It is hypothesised that users’ previous locations may serve as a determinant in shaping their future movements. Therefore, it is considered a series of historical movements for the prediction of a user’s next location. Locations can be defined as the view or group which has been generated from the K-means clustering. The prediction will be based on participants’ navigation among the clusters (views) and predict the next potential cluster (view). To achieve the research objective, a dataset of full paths was obtained from 35 participants engaged in VR navigation. Subsequently, a segmentation process was applied to format these paths into smaller sub-paths, facilitating their utilisation as inputs for the DL model. Each sub-path is composed of a sequenced data flow that corresponds to the clusters visited by the respective participant during their VR navigation. Any node on the path is considered as a timestep that a participant has generated from the experiment.
The modelling of subpaths has been tested on various configurations of the numbers of clusters to generate a series of subpaths.
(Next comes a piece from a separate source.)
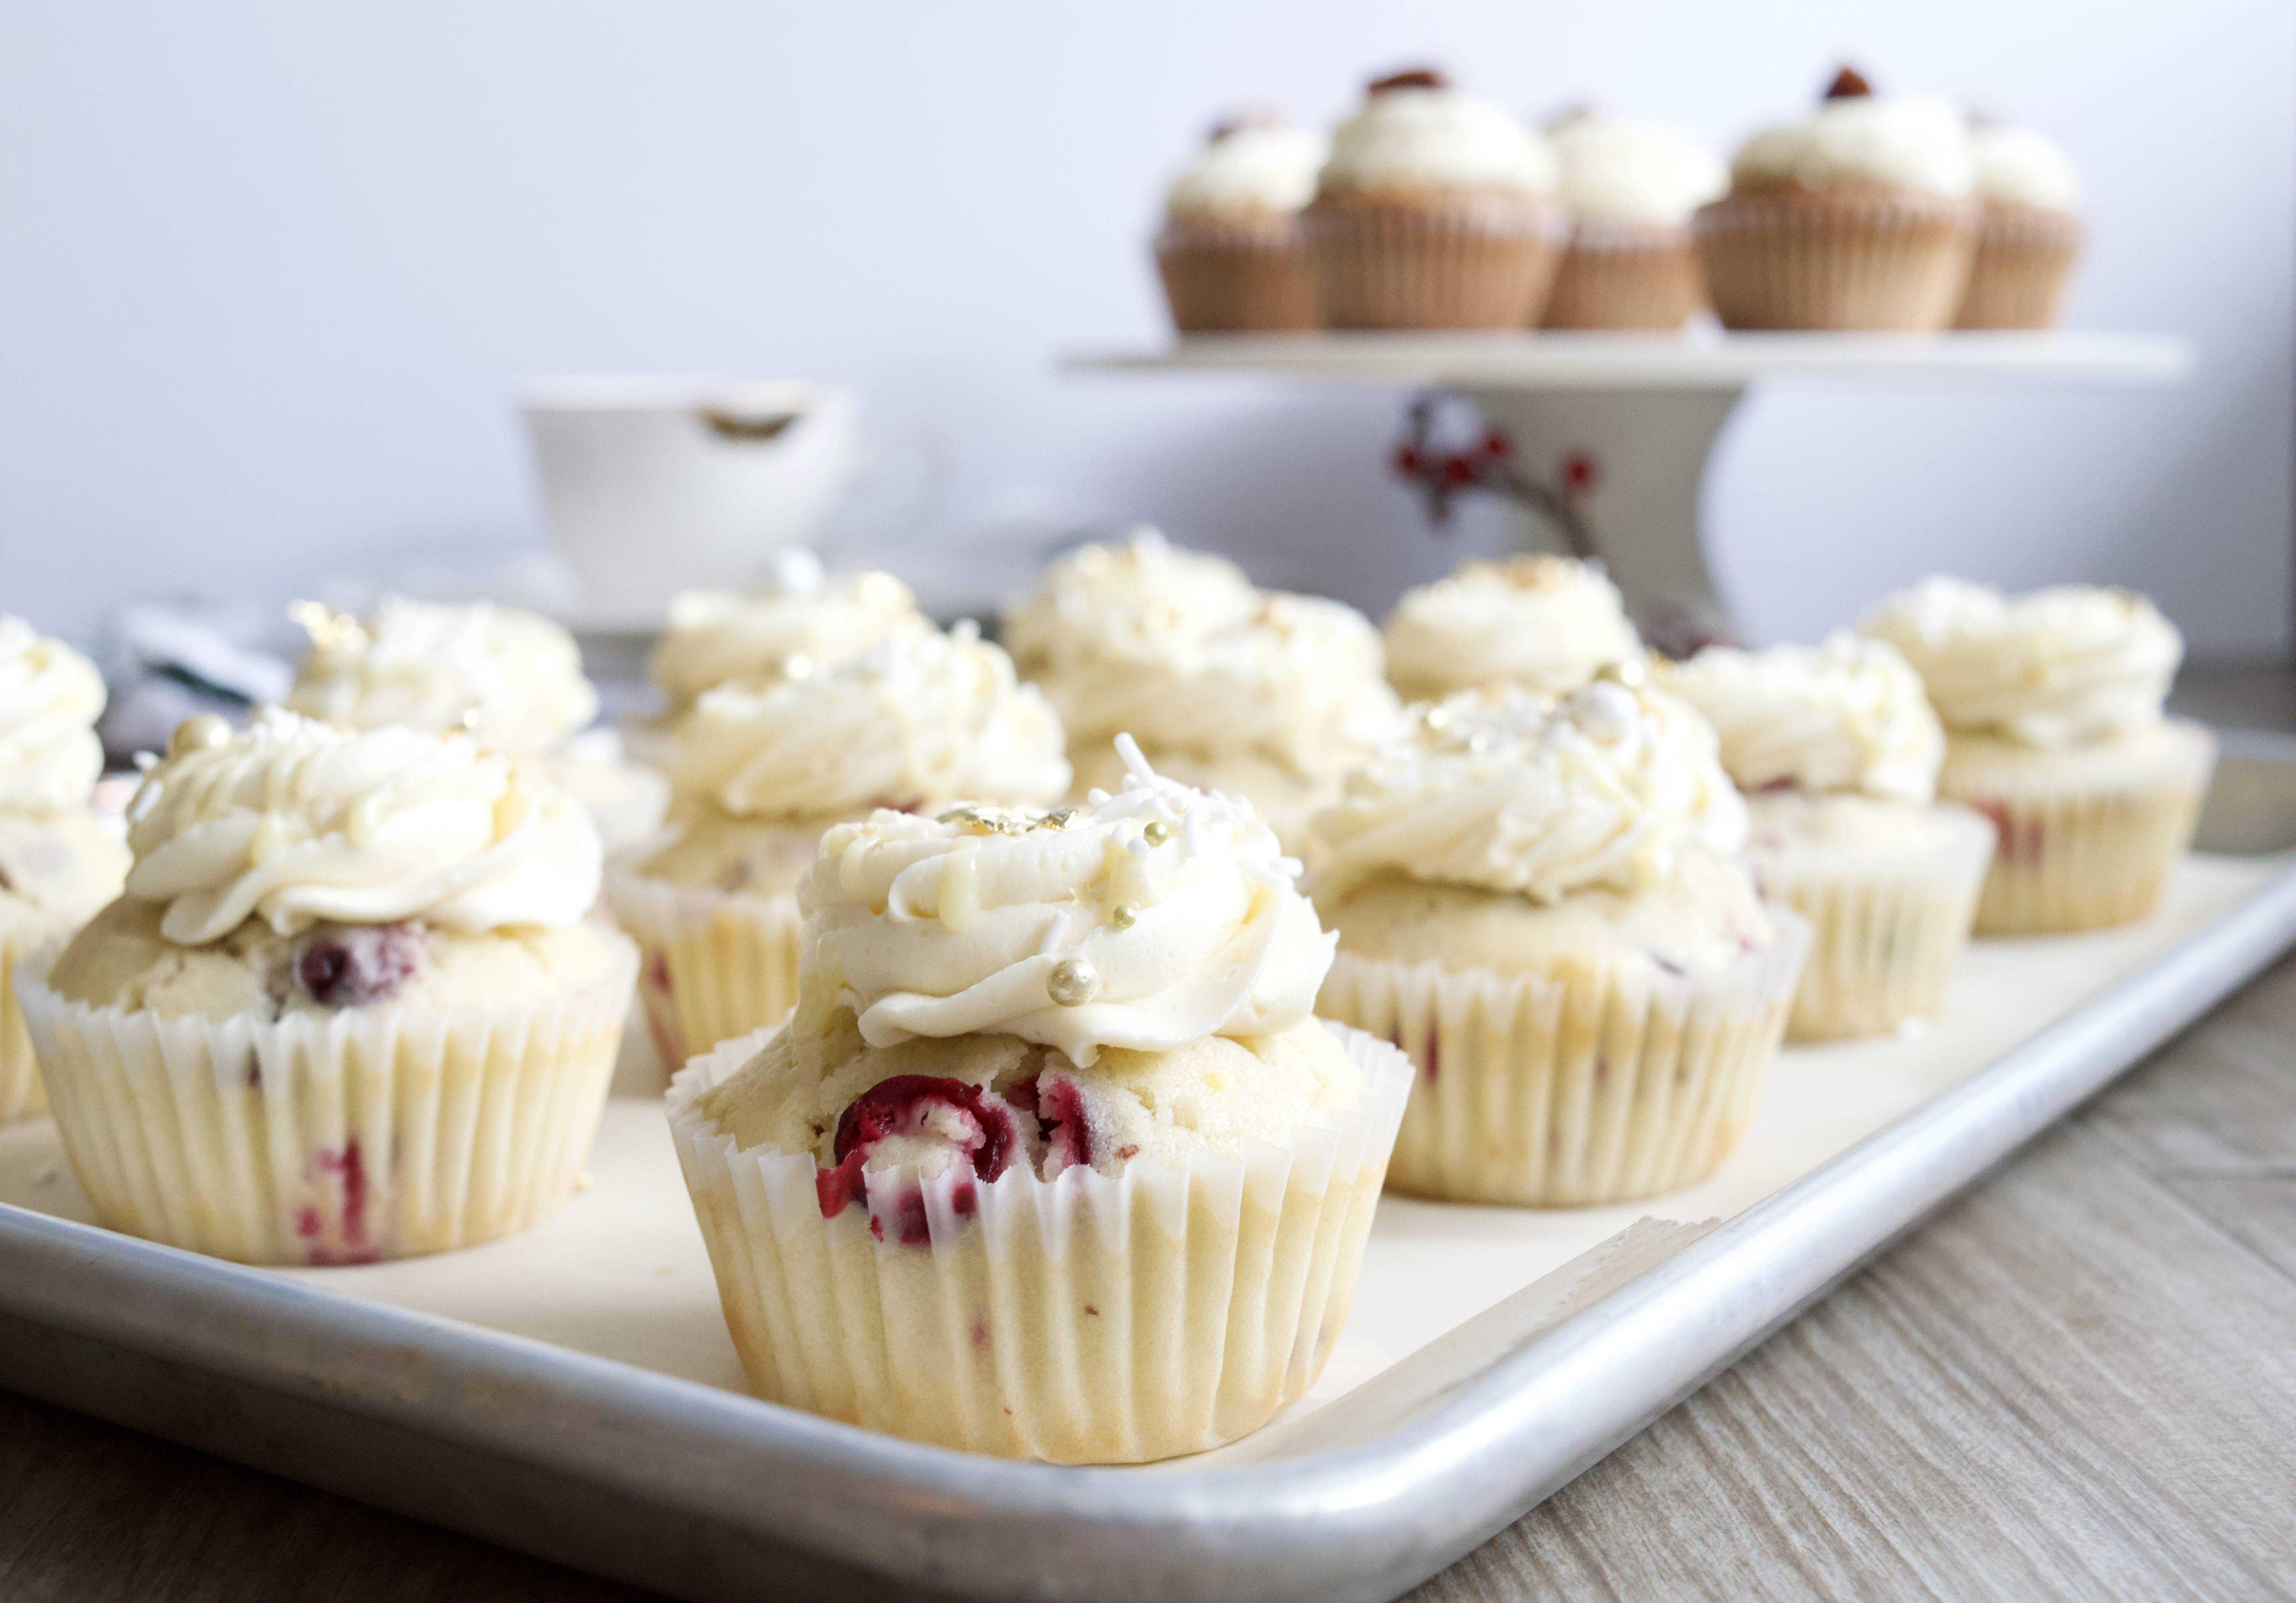 Cranberry-white chocolate cupcakes

Due to the limited paths and views in the data, generating sub-paths with a high number of timesteps (nodes) leads to a decrease in the total number of generated paths. A lower number of timesteps in generated sub-path can lead to a model with low ML efficiency. Participants’ walk paths are constructed using a four timesteps sequence. The participants’ mobility was structured into a multiple subpath consisting of four sequential timesteps each, representing the clusters they visited in a specific order. Using the timestamp data, the aim was to predict the next cluster (the fifth cluster) that the participant would likely visit. This predicted cluster served as the expected outcome or future destination.
In the initial phase of the modelling, one-hot encoded data was employed as input to train the DL model (see Fig. 9). The one-hot encoding technique was used to represent the clusters, which served as the input data for the prediction task. Each cluster was represented by a vector with elements equivalent to a cluster ID. Within this vector, a single element corresponding to the specific cluster was set to one, while all other elements were set to zero. The DL model was trained on this one-hot encoded input to learn patterns and make predictions.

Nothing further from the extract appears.